Practiced by various groups, "the medicine wheel group drumming prayer ceremony" recognizes the cardinal directions as spiritual powers that can help balance and heal. The ceremony has four rounds, with drumming by all participants at the instruction of the leader allowing the energy of each direction in each round to come into the group to facilitate prayers and healing. It has been described as "like a sweat lodge without the sweat". Author Jim Ewing held these ceremonies each month for seven years, as outlined in the book Finding Sanctuary in Nature, in addition to shamanic drum circles, and at various sites from coast to coast in the United States since the late 1990s. Groups based on his example and the instructions outlined in the book have resulted in other groups forming worldwide. This description is not of a drum circle in the sense that the term is commonly used. It is a drumming ceremony that takes place in a circle, but very different in content and form than a drum circle, more of an improvised community drumming jam.
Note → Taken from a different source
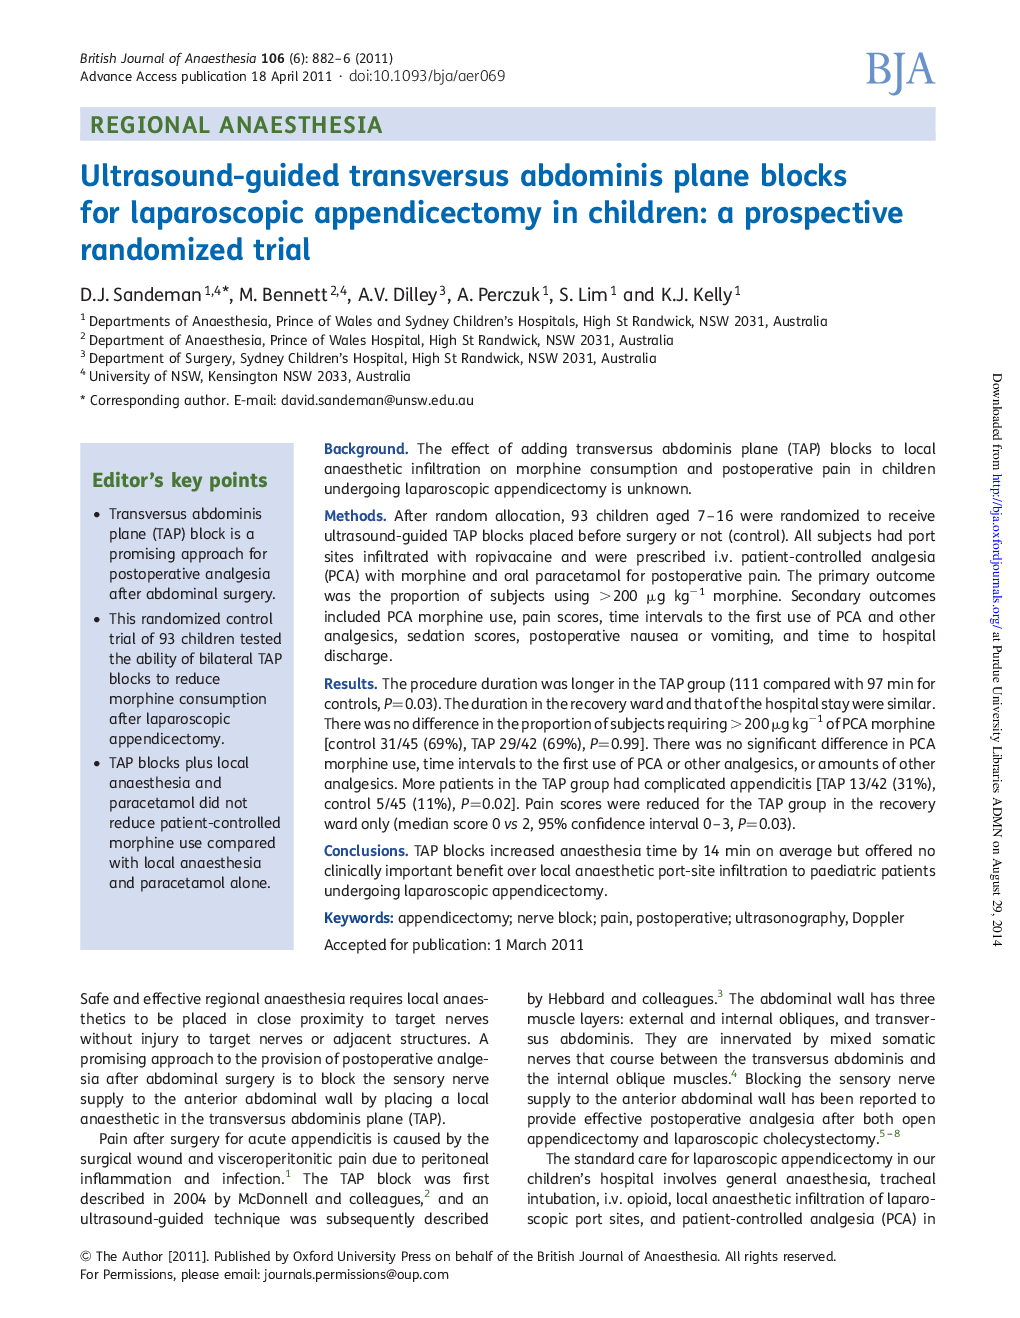 Ultrasound-guided transversus abdominis plane blocks for laparoscopic appendicectomy in children: a prospective randomized trial

==Notable figures in the group drumming movement==
Commercial group drumming organizations and companies exist in most countries to serve various markets. There is also a growing body of people working in places such as hospitals, prisons, and hospices using drumming as a form of recreational and supportive music making. Music therapists often use various forms of group drumming (including improvised drumming) in their work to reach therapeutic goals and objectives. Americans include Arthur Hull and Kalani Das.